If I turn off no matter which sub-query - everything works fine.
If I take the whole query out of cursor to regular SQL Query windows - everything is okay without any need to turn off some parts.
Procedure structure is down below, looking forward any help:
procedure p_proc(p_param varchar2,
outcur out sys_refcursor) is
begin
open outcur for
select *
from (select -- visible cols
si.item_full_name
, si.final_price
, si.full_price
, si.receipt_num
, si.receipt_date
, si.vendor_code
, case when det.br_summary is null and mr.motiv_rate_value is not null then mr.motiv_rate_value
when det.br_summary is not null then det.br_summary
end personal_bonus_amount
, case when det.br_summary is null and mr.motiv_rate_value is not null then 1
when det.br_summary is not null then det.cross_sale_kt
end personal_bonus_koeff
-- service cols
, case when det.br_summary is null and mr.motiv_rate_value is not null then 'approximate'
when det.br_summary is not null then 'definite'
end personal_bonus_type
, coalesce(det.sale_stream, mr.sale_stream, 'Not defined') item_group_name
, si.operation_type
, si.src
-- pagination
, row_number() over (order by si.receipt_date desc) rn
from (-- curr day
select b.cost final_price
, case when b.discount = 0 then null else b.price
end full_price
, b.doc_number receipt_num
, b.receipt_date receipt_date
, i.item_code vendor_code
, i.full_name item_full_name
, b.subsite code_op
, b.operator_id
, to_char(b.businessday, 'yyyymm') sale_period
, b.oper_type operation_type
, 'bill' src
from scheme.bills b
join scheme.items i on i.item_code = b.item
where b.businessday = trunc(p_date_to)
and b.subsite = p_office_id
and b.operator_id = p_emp_id
union all
-- prev days
select l.txn_amount final_price
, case when l.disc = 0 then null else l.price
end full_price
, t.receipt_num receipt_num
, t.ts receipt_date
, i.item_code vendor_code
, i.full_name item_full_name
, s.office_code code_op
, e.emp_code operator_id
, to_char(l.dt,'yyyymm') sale_period
, l.txn_type operation_type
, 'txn' src
from scheme.txn t
join scheme.txn_lines l on t.rtl_txn_id = l.rtl_txn_id
join scheme.items i on l.item_id = i.item_id
join scheme.offices s on t.subsite_id = s.subsite_id
join scheme.employees e on t.employee_id = e.employee_id
where t.ts between trunc(p_date_from) and trunc(p_date_to)

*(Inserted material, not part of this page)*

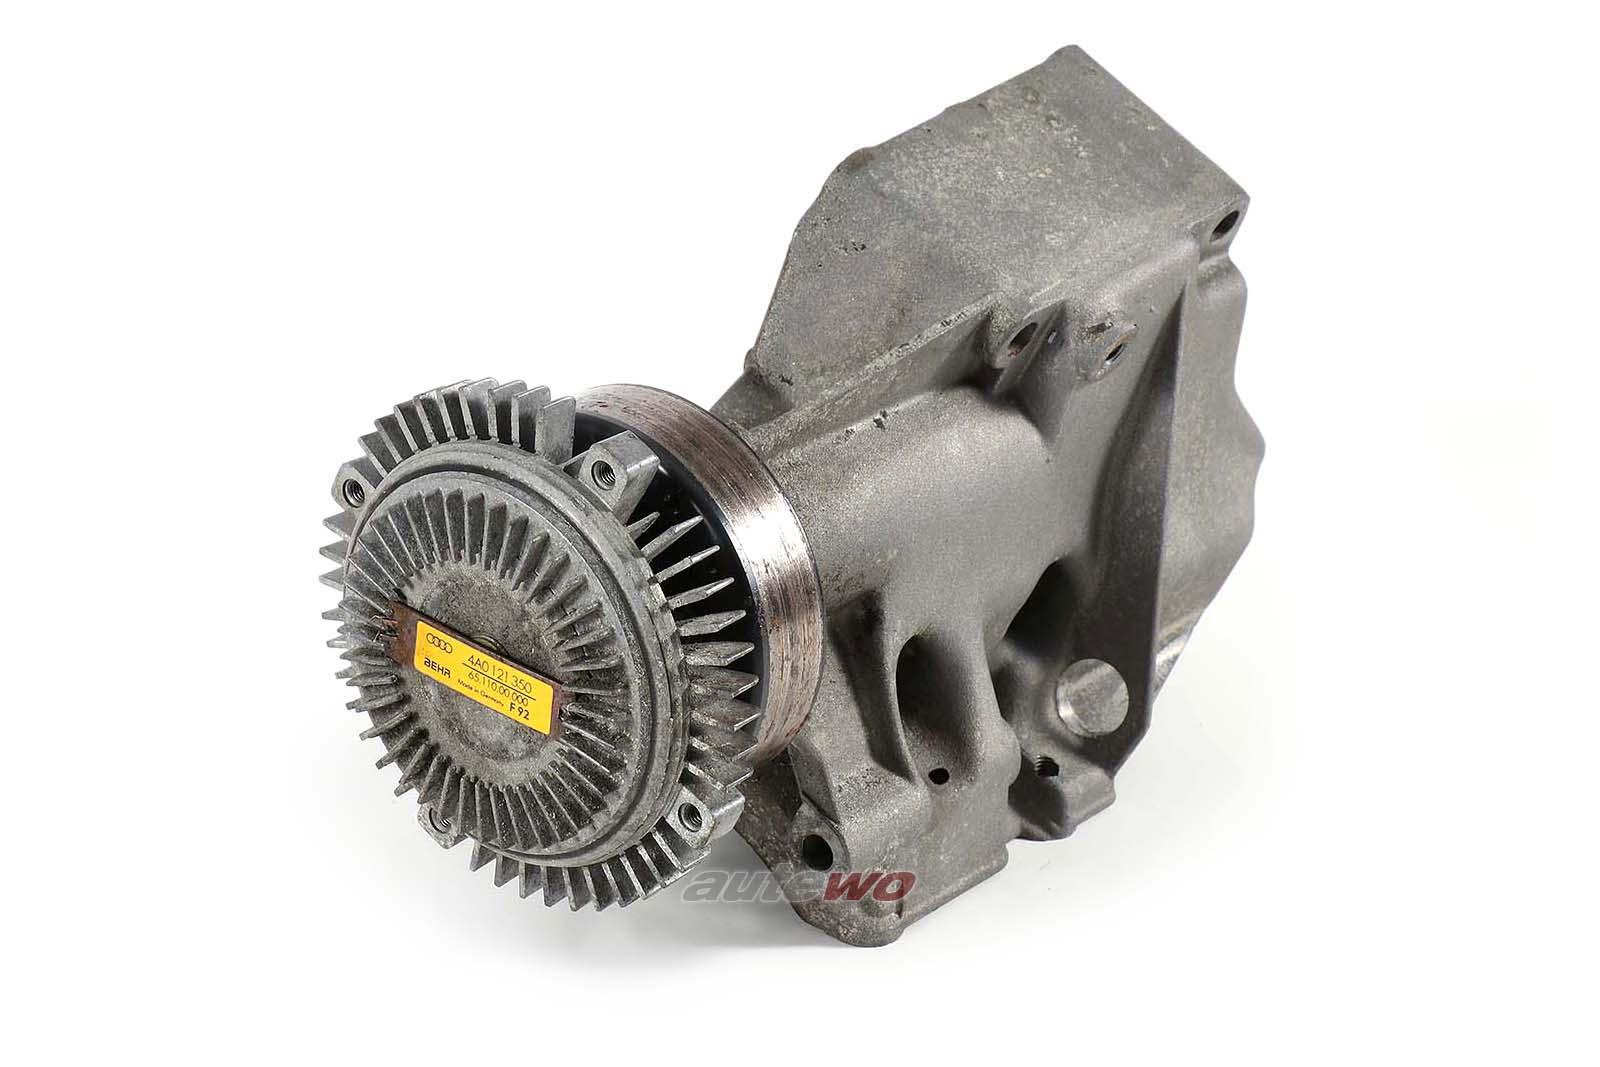 4A0121350 046903141D & 4A0121350B Audi 100/A6/S4/S6 C4 Halter Viskokupplung

and t.subsite_id = v_op_id
and t.employee_id = v_emp_id
) si
/* fact */
left join scheme.sales_details det on si.sale_period = det.period
and si.code_op = det.op_code
and ltrim(si.operator_id,'0') = ltrim(det.tab_num,'0')
and si.receipt_num = det.rcpt_num
and si.vendor_code = det.item_article
/* prognosis */
left join scheme.rates mr on si.sale_period = mr.motiv_rate_period
and si.code_op = mr.code_op
and si.vendor_code = mr.code_1c
where 1 = 1
and si.final_price between nvl(p_price_from, si.final_price) and nvl(p_price_to, si.final_price)
/* if no filters */
and (item_group_cnt = 0 or coalesce(det.sale_stream, mr.sale_stream, 'Not defined') in (select * from table(p_item_group)))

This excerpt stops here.